Многие тексты, уже умершие, а то никогда и не жившие полноценной жизнью в родной культуре, живут и, возможно, будут продолжать свое существование в других культурах. Прекрасно чувствуют себя в эмиграции Анна Ахматова и доктор Живаго. Значительно лучше, чем на родине, прижились на русской почве три мушкетера и легенда о Тиле Уленшпигеле.

Если текст – это место в пейзаже, то процесс его перевода можно уподобить переносу объекта из пейзажа в пейзаж. Вот здесь уже можно воспользоваться аналогиями и сравнениями. Можно поговорить о Диснейленде в Париже, о разбиваемых на континенте английских парках или зодчестве Бартоломео Франческо Растрелли.

Место из одного пейзажа может быть сконструировано в другом пейзаже множеством способов. Особенности национального ландшафта могут так пропитать место, что результат переноса воссоздаст все реплики этих особенностей. Прямой и переносный смыслы, ментальность, просодия, лексика, игра слов – все переводимо. Не вредят даже отличия местных ресурсов (стройматериалов): клей вместо цемента, круглые кирпичи вместо квадратных. Эйфелева башня может быть свободно повторена в пустыне; окружающая (языковая) среда лишь подчеркнет ее неповторимый силуэт.

С настоящими сложностями сталкиваешься на третьем уровне, в зоне сил не всегда понятной природы. Следы верхнего и нижнего миров, магнитные поля, подземные жилы, шаманские круги, курганы, особый свет, особый состав воздуха, особый ветер (как в случае с Пушкиным, когда он и есть тот ветер, пронизывающий насквозь целый пейзаж). При переносе дома, одно крыло которого располагалось над подземной жилой, эффект, вызываемый ею, будет наверняка утрачен – угадать сходу такую жилу невозможно.

И отлично! Эффект подземных жил, как правило, негативен – в поставленной над жилой кровати плохо спишь, по утрам болит голова.
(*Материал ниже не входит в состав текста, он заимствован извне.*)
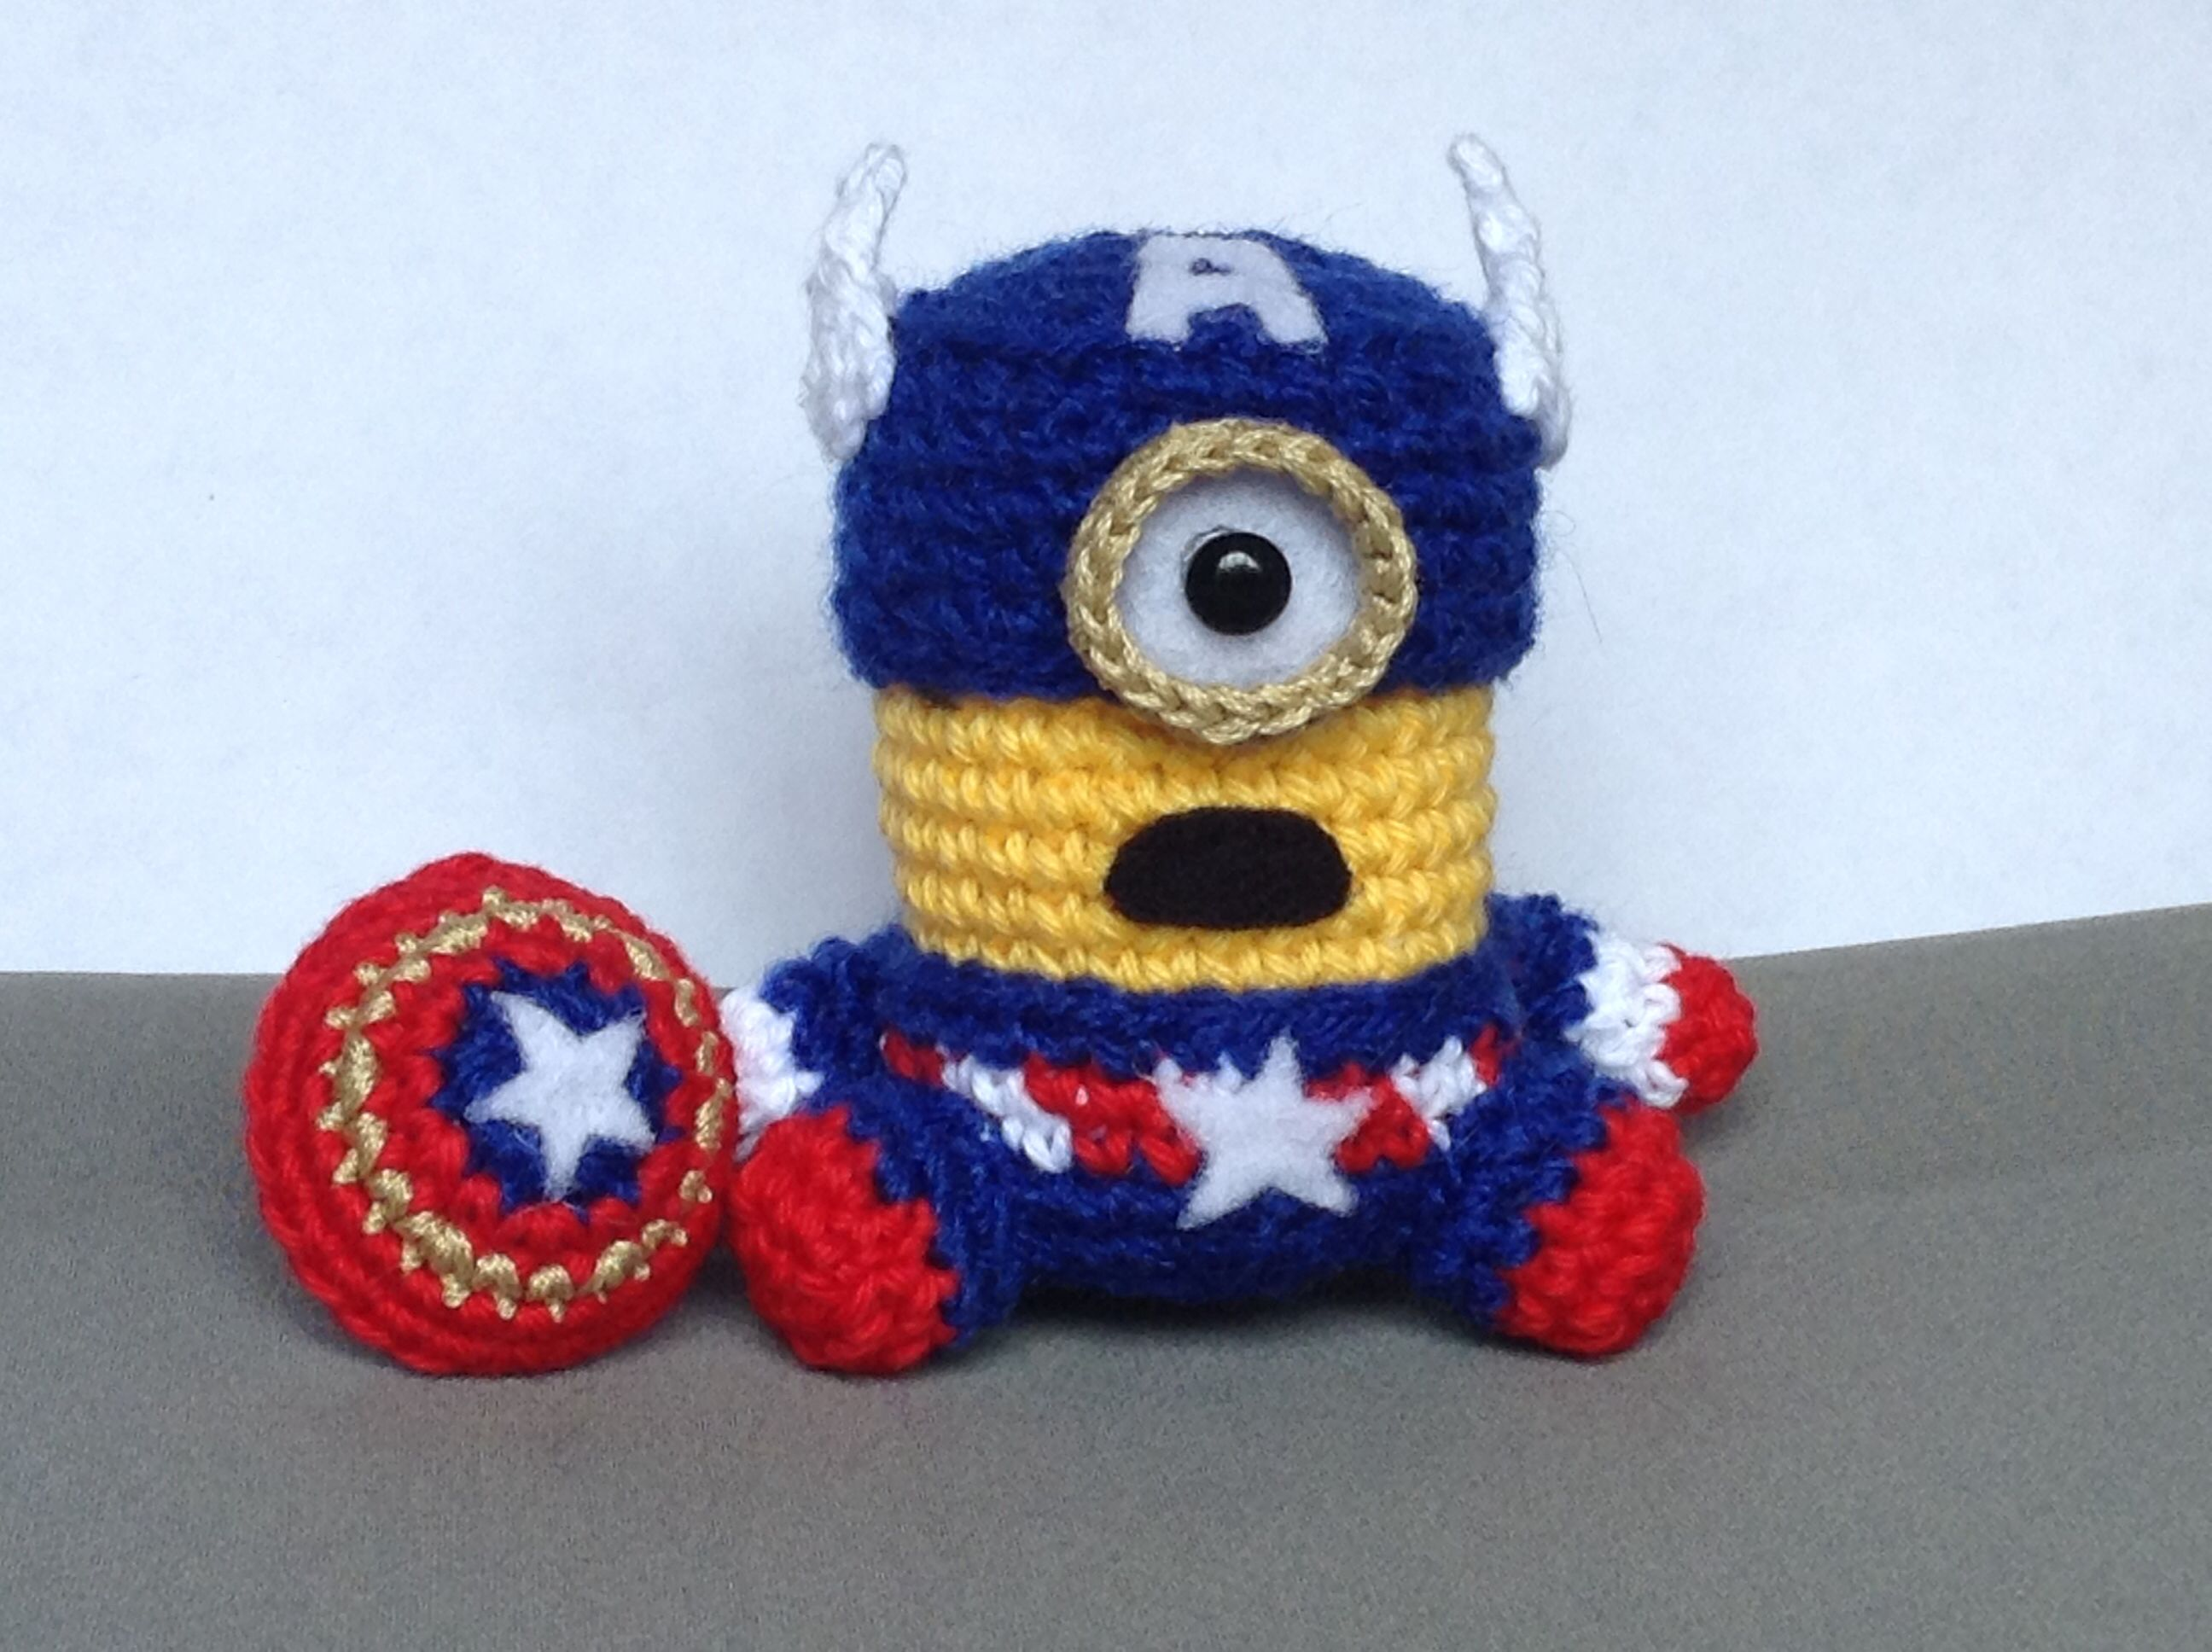 Patron Minion Amigurumi : Minion captain america crochet #amigurumi #handmade capitán américa
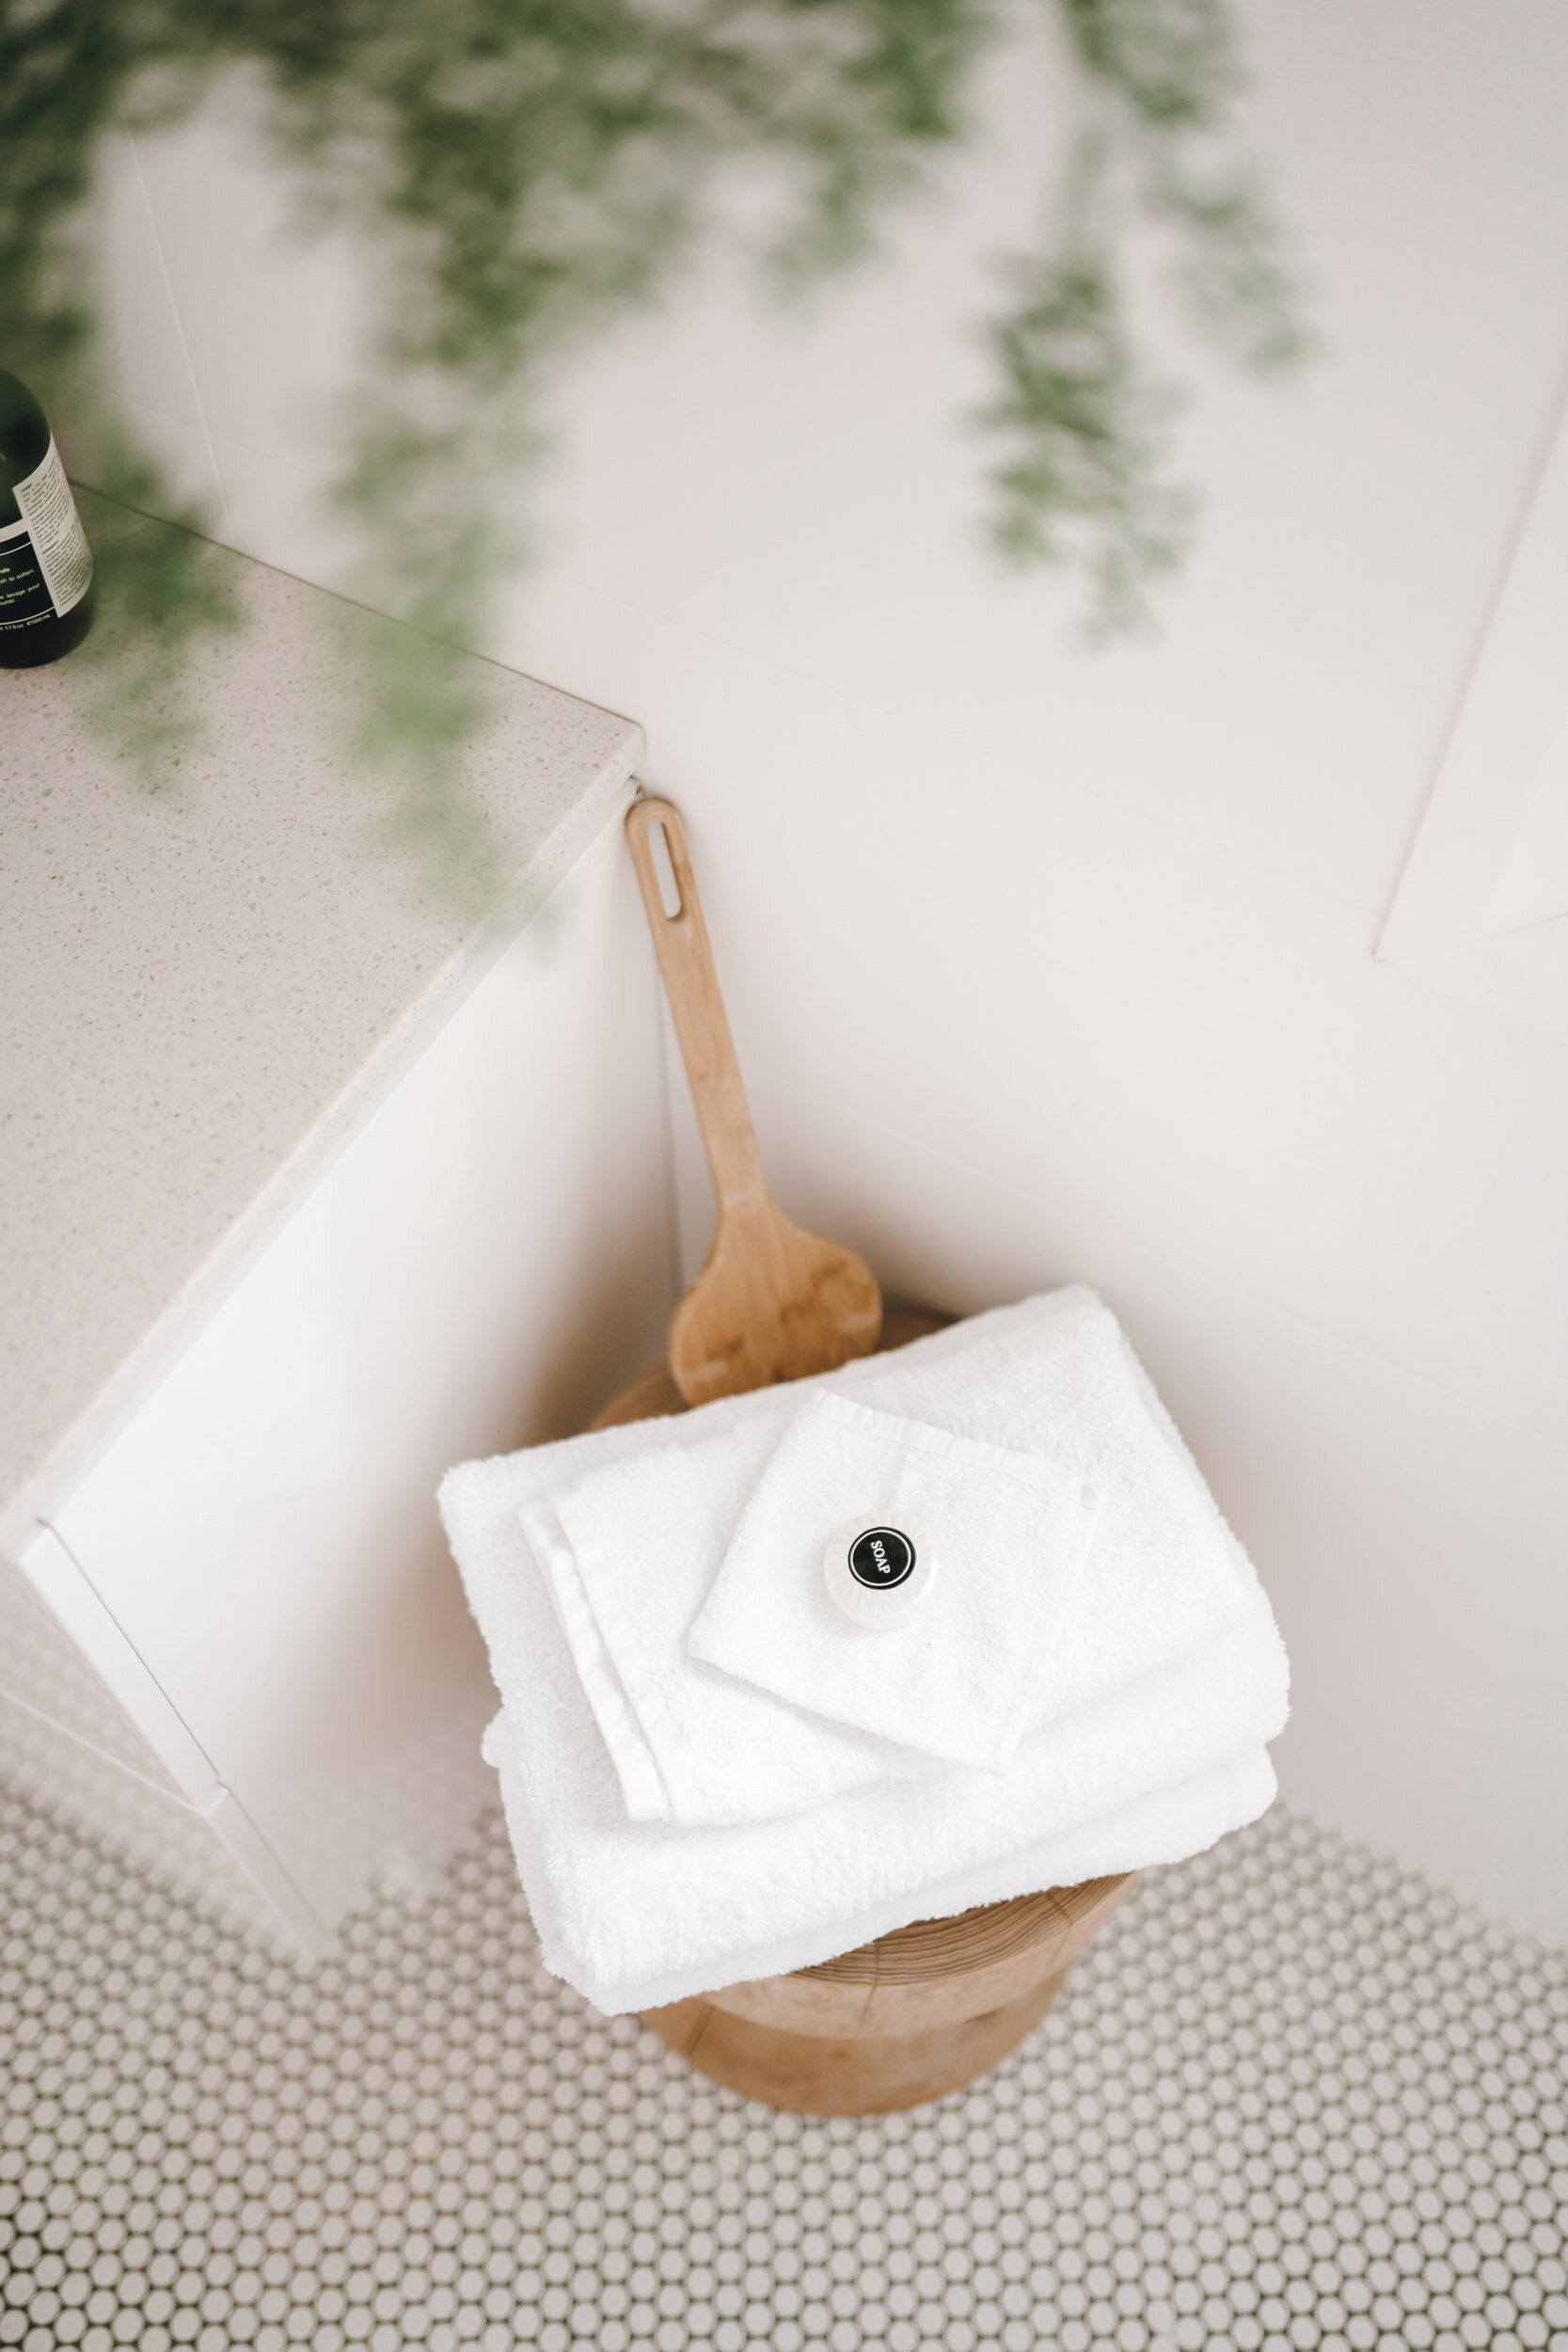 keira-mason-flourish-on-bull-street-bathroom-towels.jpg

В переводе жила не сохранится; тошнотворная книжка может пройти очищение переводом: «не место» станет местом. Американская забегаловка Макдоналдс в России и Латвии превращается в знаковое заведение. Русский ресторан в Вильнюсе – развесистая клюква, но, тем не менее, место – в отличие от большинства российских русских ресторанов.

Однажды Вальтер Беньямин, формулируя некую о мысль переводе на один язык как на все языки сразу, написал чудовищный абзац (пять предложений), о который десятки переводчиков обломали зубы. Беньямин был человеком гениальных озарений, весьма неловко связывавшим на письме результаты отдельных вспышек. Глубокий смысл в абзаце имеет ровно одно, четвертое предложение: «Ведь каждый перевод конкретного произведения, выполненный с позиций, определяемых состоянием языка в конкретный момент времени, представляет собой в отношении любого конкретного аспекта своего содержания перевод на все прочие языки».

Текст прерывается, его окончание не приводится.